Joyce Carol Oates faces widowhood in this memoir. Her husband Ray dies suddenly, through a form of medical incompetence. Oates, with the sensibility of a startled racehorse, is bolting through a landscape struck with lightning. She never stops.

I have always liked Oates' writing. It is vivid, emotional and never lacks punch. Even in person she is Gothic - tall and thin, like a twisted pine tree. This book is the chronicle of her grief. In many ways it is a good read. This is because she brings to the narrative her own formidable skills as a writer. But in many other ways, she is like any ordinary individual unbalanced by a horrible surprise.

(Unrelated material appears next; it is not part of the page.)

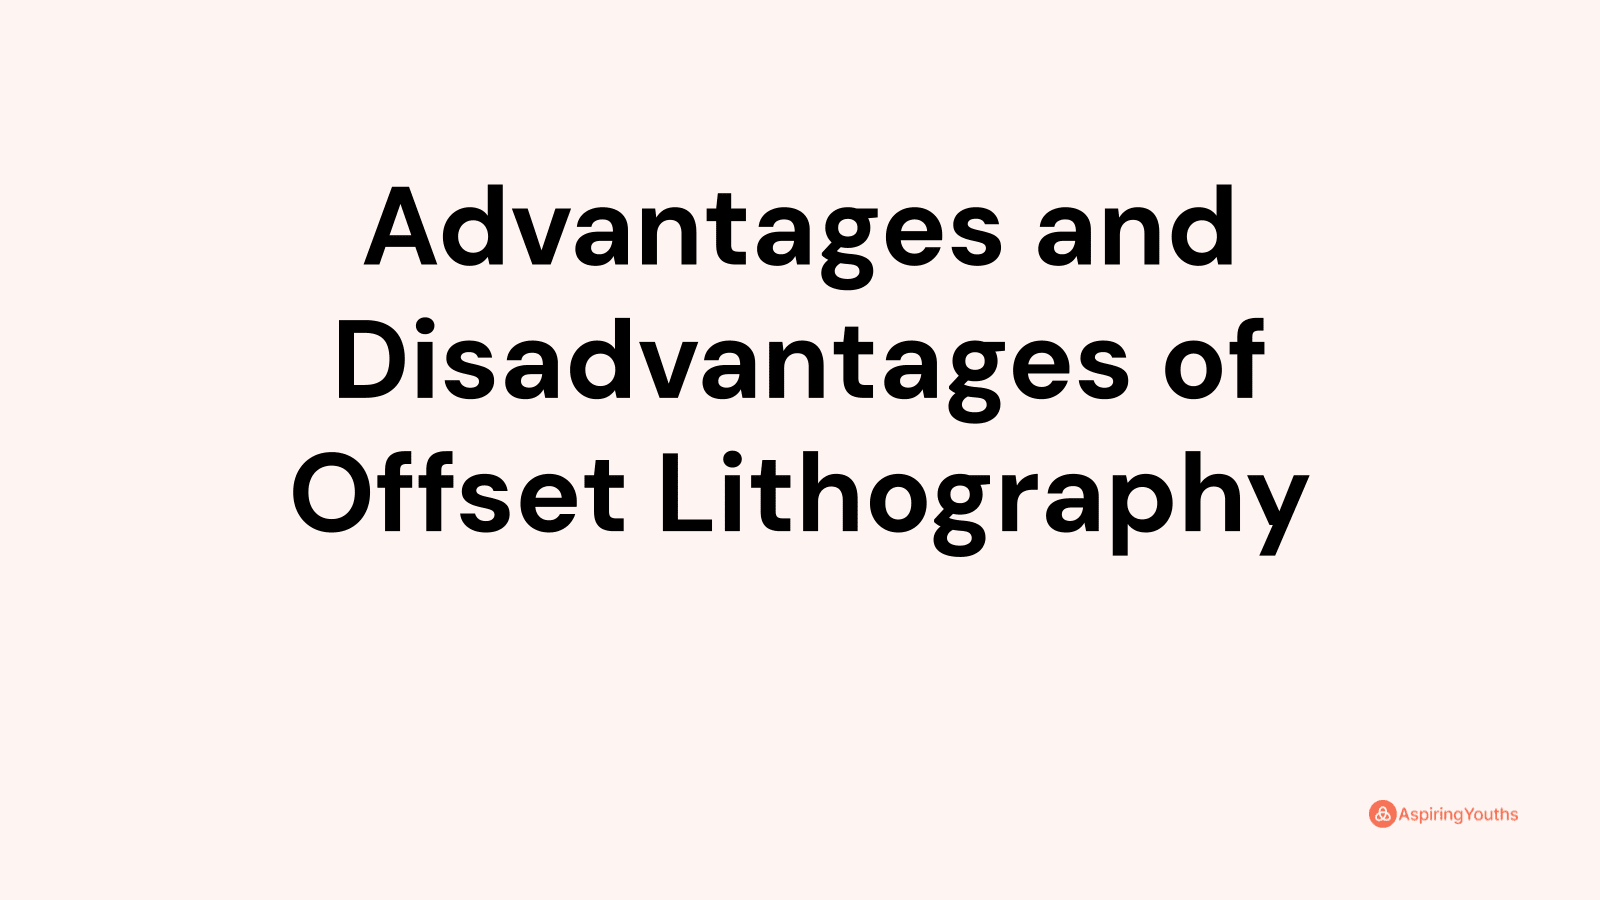 Advantages and disadvantages of Offset Lithography

She and Ray had no children. They appeared to live relatively isolated from their respective families. Both lived in a lively intellectual milieu. But what Oates experiences is a kind of terrifying freefall. And even the most ordinary defences are taken away from her. (She asks a nurse to recommend a funeral parlour within hours of her husband's death. The nurse recommends the Yellow Pages.) She is as impractical as a turtle turned on its back. But her writer's mind, over-vivid, self-consumed, agonising, registers every nuance.

The book, given all this, is curiously readable, which is probably due to Oates' novelistic skills. She is, after all, the author (as she tells us) of a staggering 115 books, including 55 novels. One can be too prolific. In some ways she needed to write this book a little later in her grief process. It seems to have been started within days of her husband's death. There is no recollection in tranquillity and I have to admit, by page 227, I began to suffer grief fatigue. (There were almost another 200 pages to go.) But I finished the book. I felt I had to accompany her to the end.

Tennyson once wrote, "Let love grasp grief, lest both be drowned." I thought this memoir was like a threshing of someone desperately trying to fight her way to the surface, all the time carrying a burden beyond words, beyond logic.

The story is well told, over-vivid, at times claustrophobic but always true. My final comment is that Ray her husband seems strangely absent. I had little real idea of what he was like as a human, an individual. It was almost as if he wasn't there. Which, I guess, was the point of the whole book.

Peter Wells is a Hawkes Bay-based writer.